=== Begin Enclosure ===
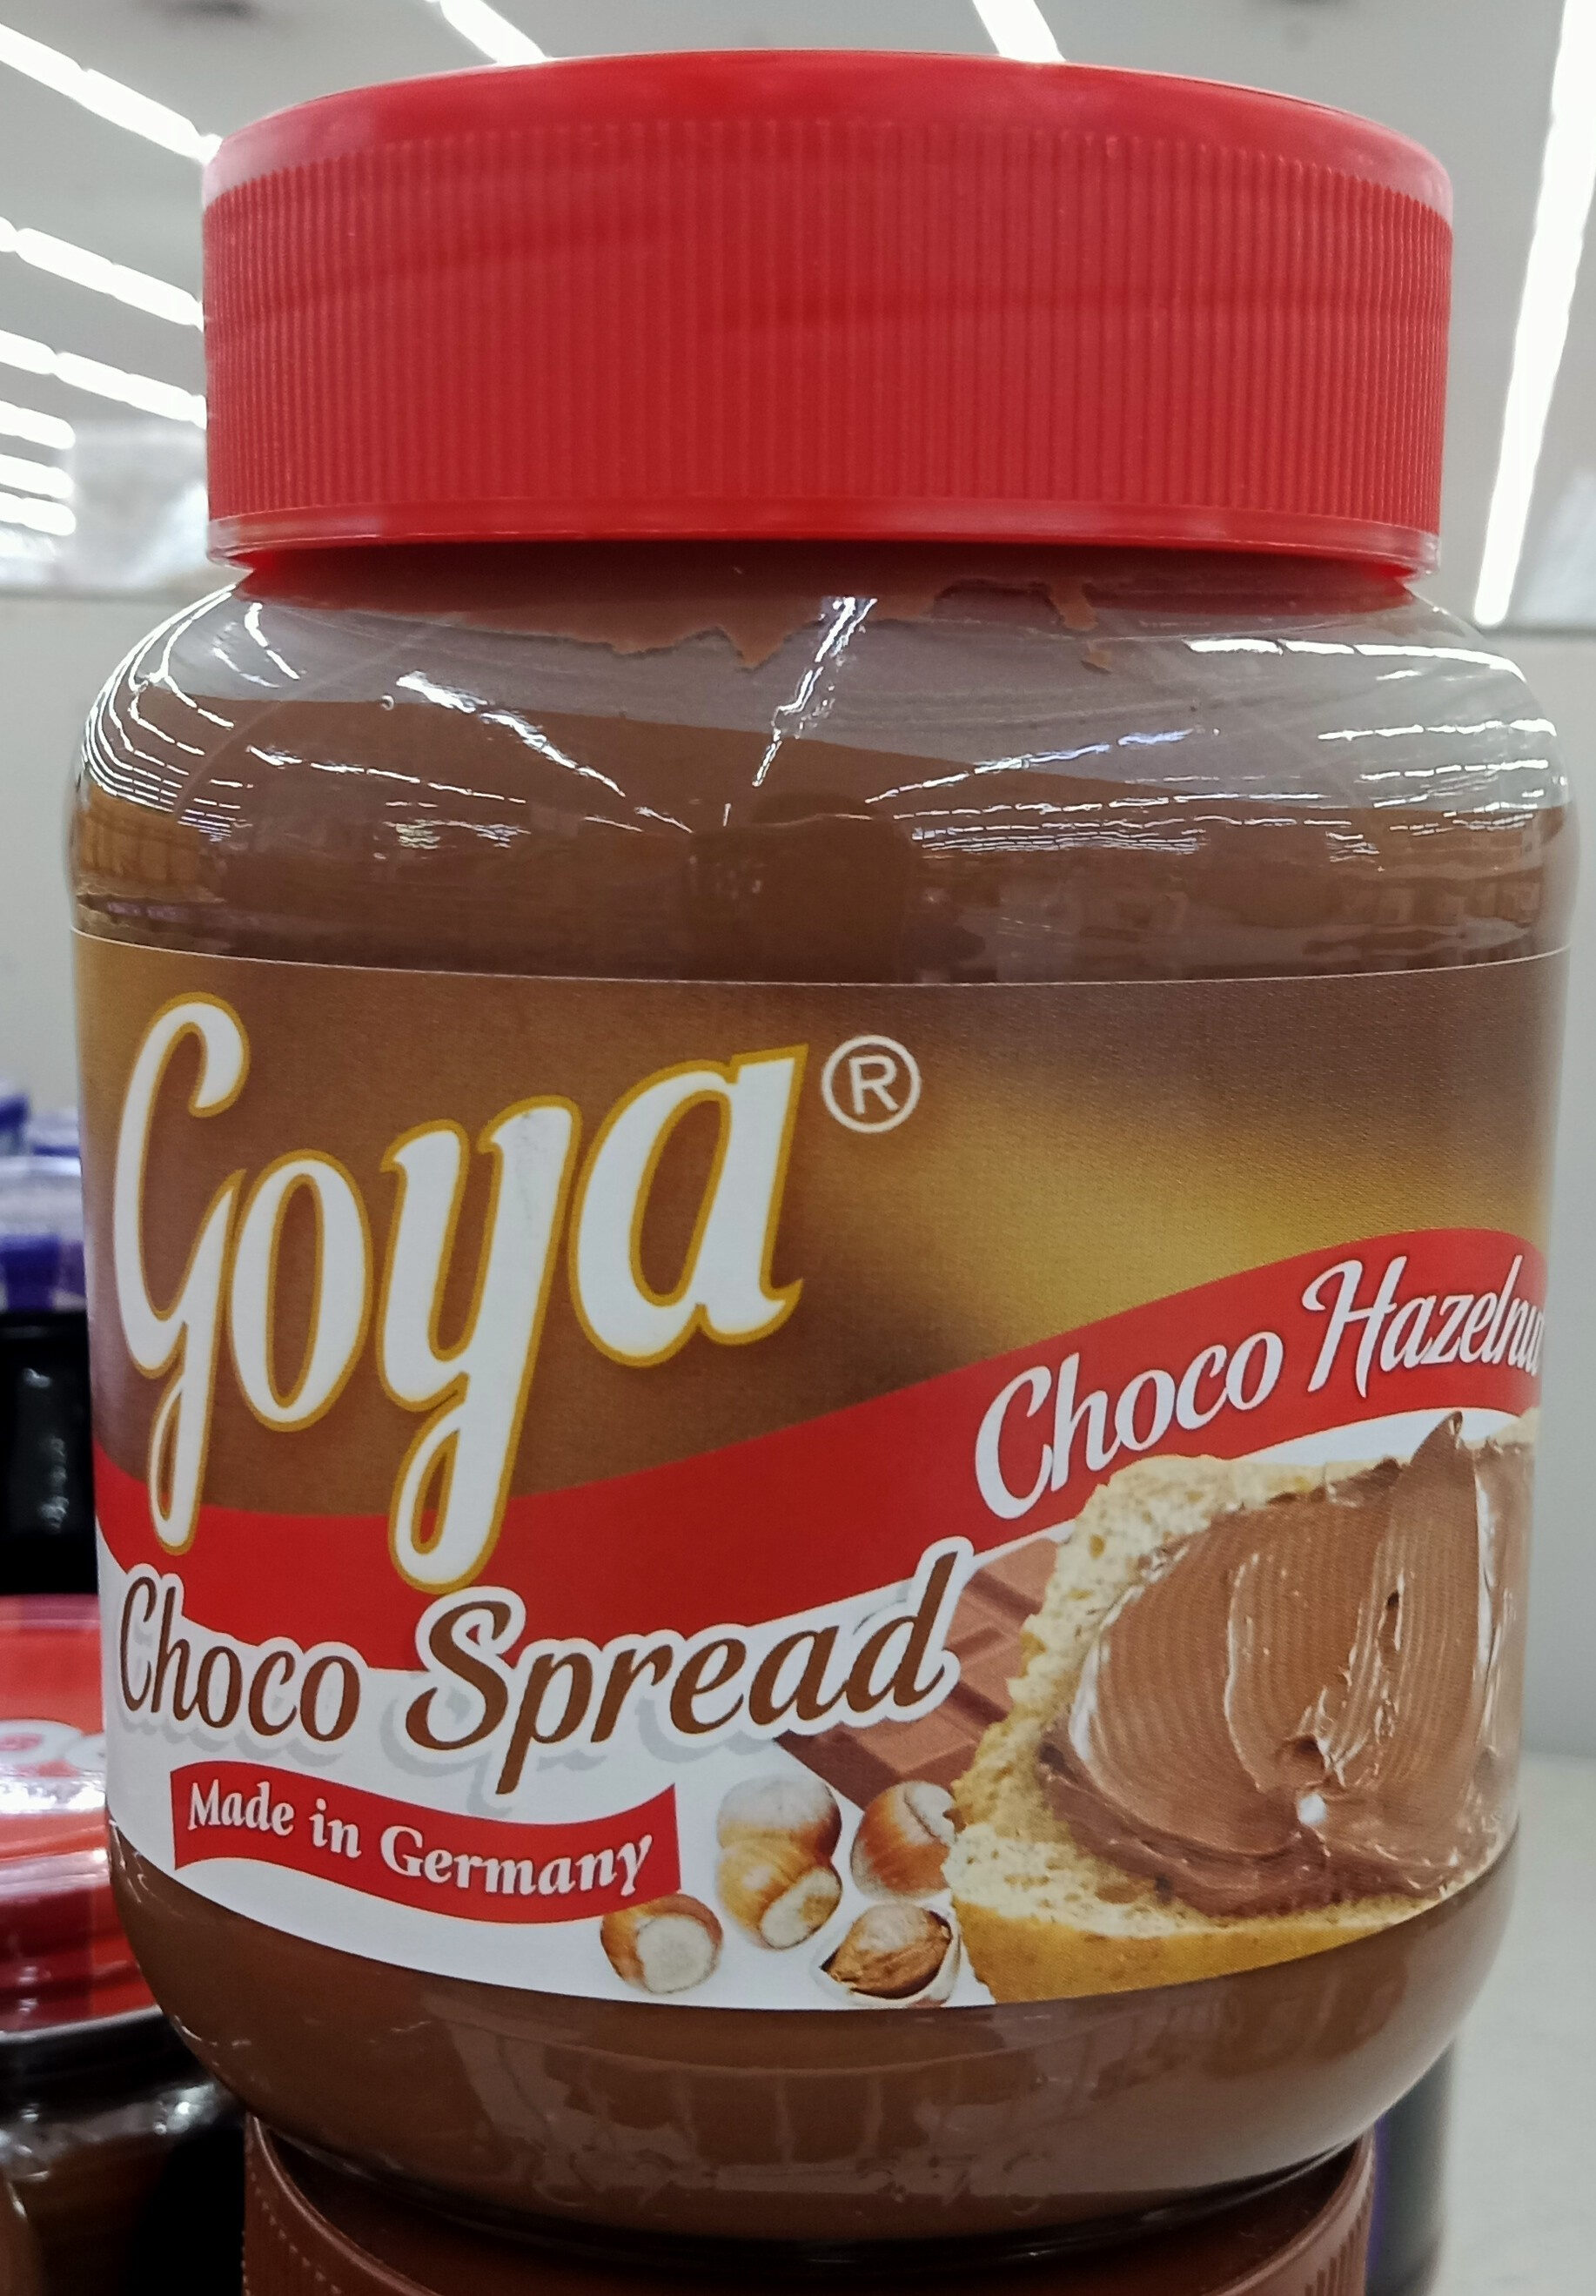 Goya Choco Hazelnut Choco Spread - Product
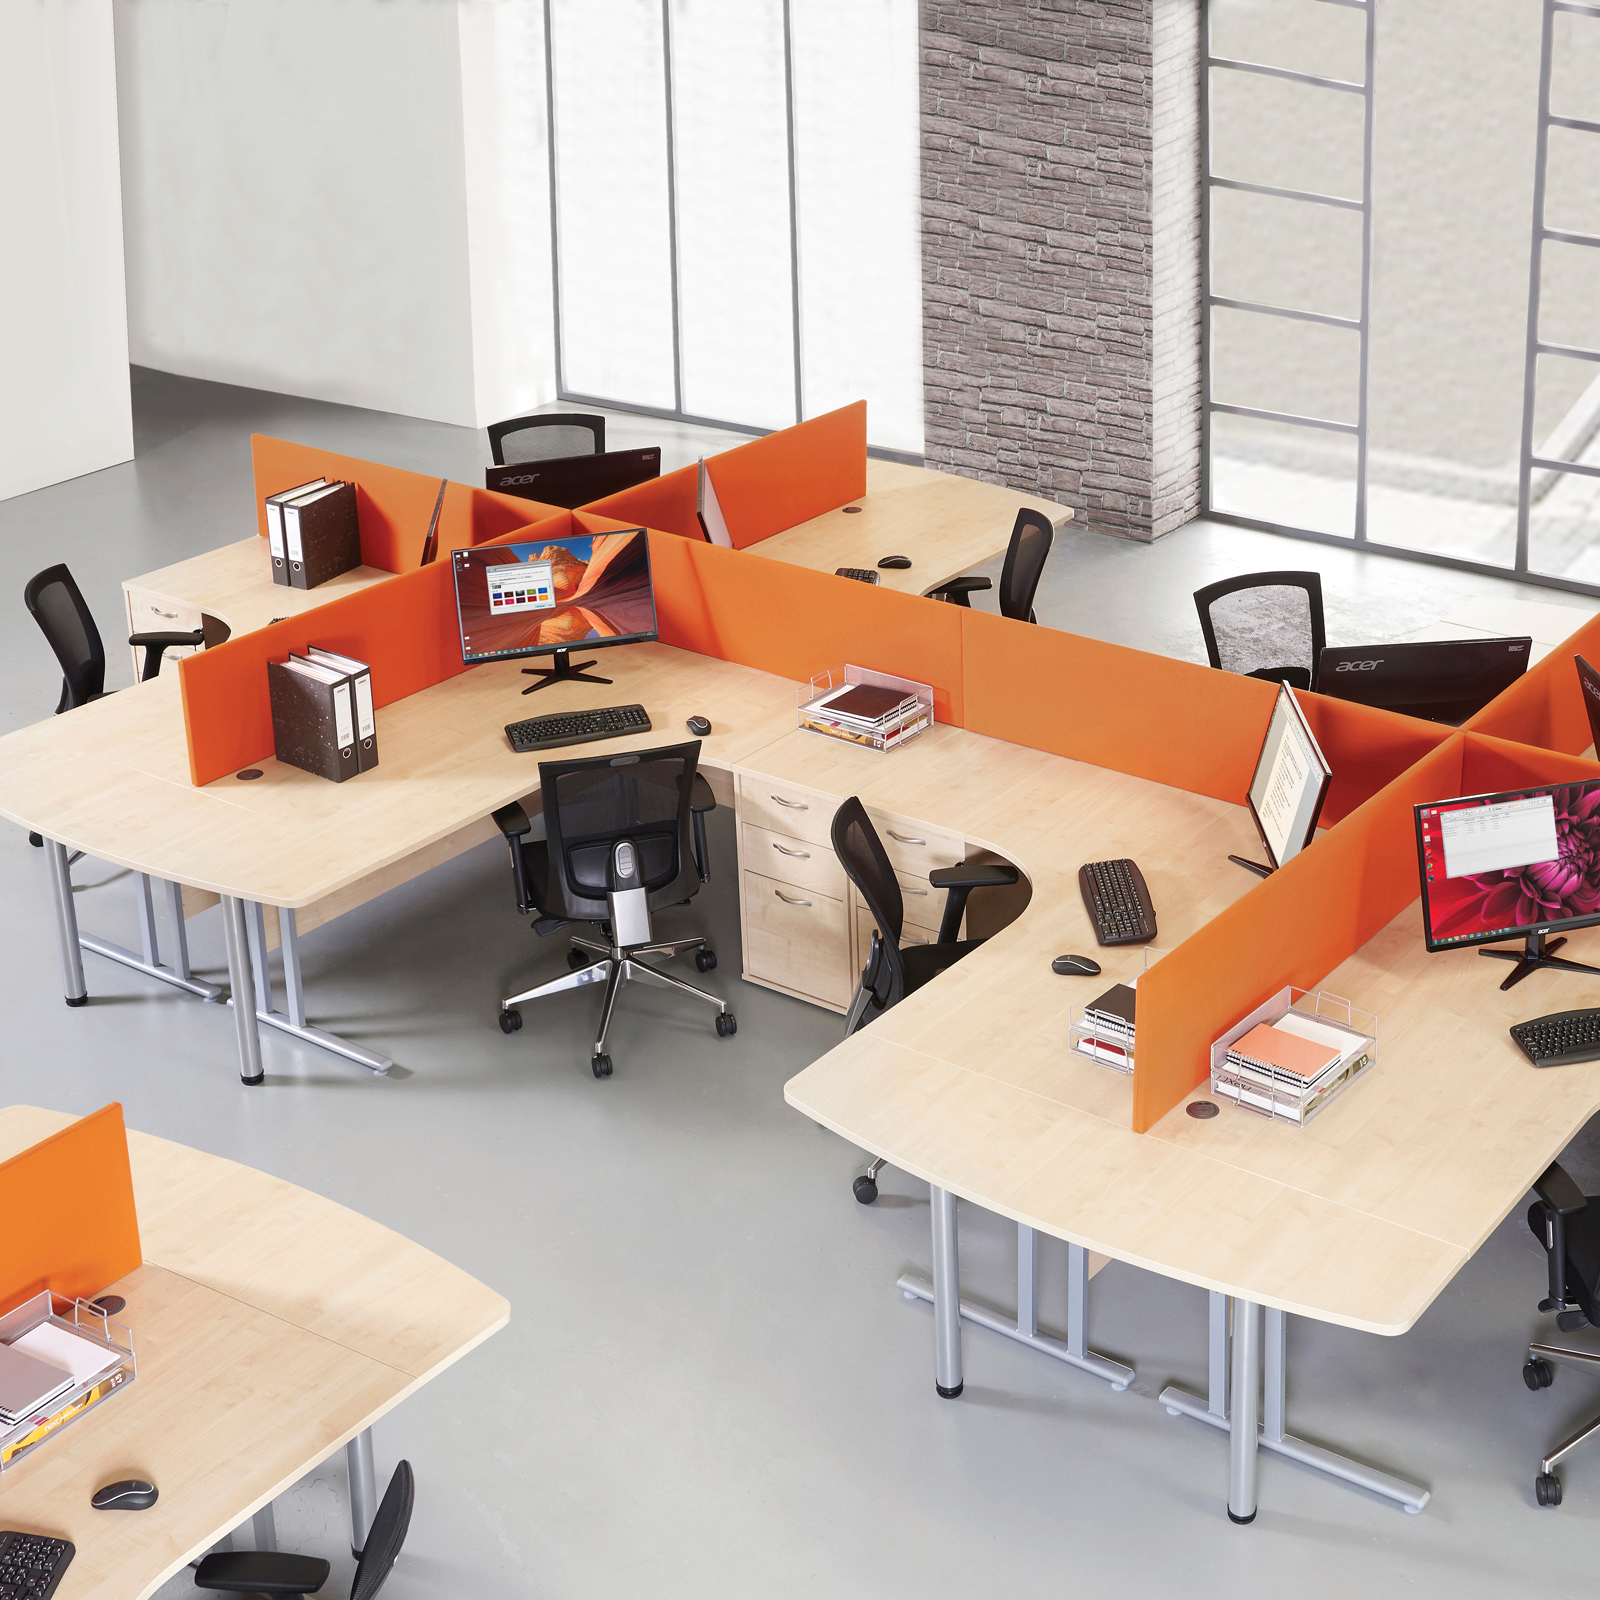 BEECH DESK 1600mm x 800mm x 730mm Cantilever Straight Office Computer Desk
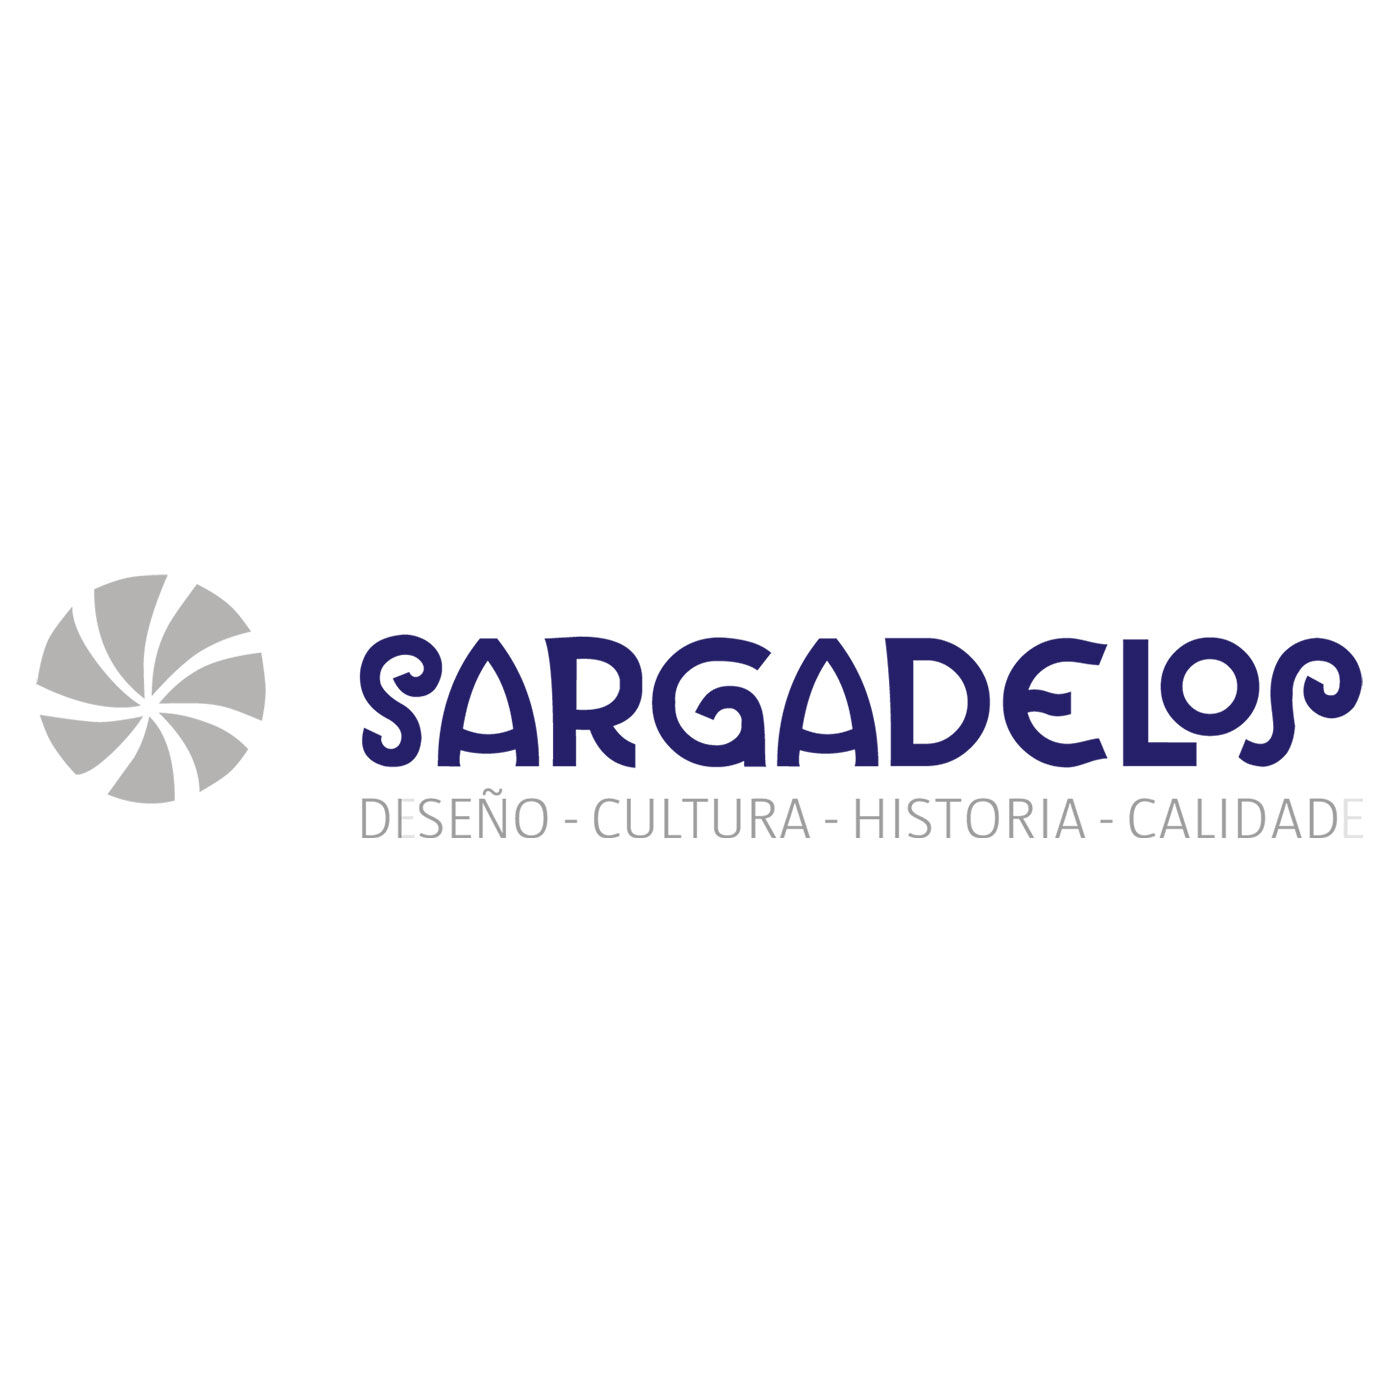 SeeMONO|つるんとした質感と素朴な表情がかわいい　陶器のオブジェ〈アナグマ〉／Ｓａｒｇａｄｅｌｏｓ（サルガデロス）|Sargadelos（サルガデロス）はスペイン北西部のガリシア地方にある陶器メーカーです。職人の手で一点一点製作される Sargadelos の陶器は、スペイン王室や外交官から各国首脳への 土産品に用いられるなど、ガリシア地方独特の青色と共に愛されているプロダクトです。
=== End Enclosure ===
# ACTIVITY:
Copy the data above word for word. Pictures stay out.

# OUTPUT BELOW:
 Goya Choco Hazelnut Choco Spread - Product
 BEECH DESK 1600mm x 800mm x 730mm Cantilever Straight Office Computer Desk
 SeeMONO|つるんとした質感と素朴な表情がかわいい　陶器のオブジェ〈アナグマ〉／Ｓａｒｇａｄｅｌｏｓ（サルガデロス）|Sargadelos（サルガデロス）はスペイン北西部のガリシア地方にある陶器メーカーです。職人の手で一点一点製作される Sargadelos の陶器は、スペイン王室や外交官から各国首脳への 土産品に用いられるなど、ガリシア地方独特の青色と共に愛されているプロダクトです。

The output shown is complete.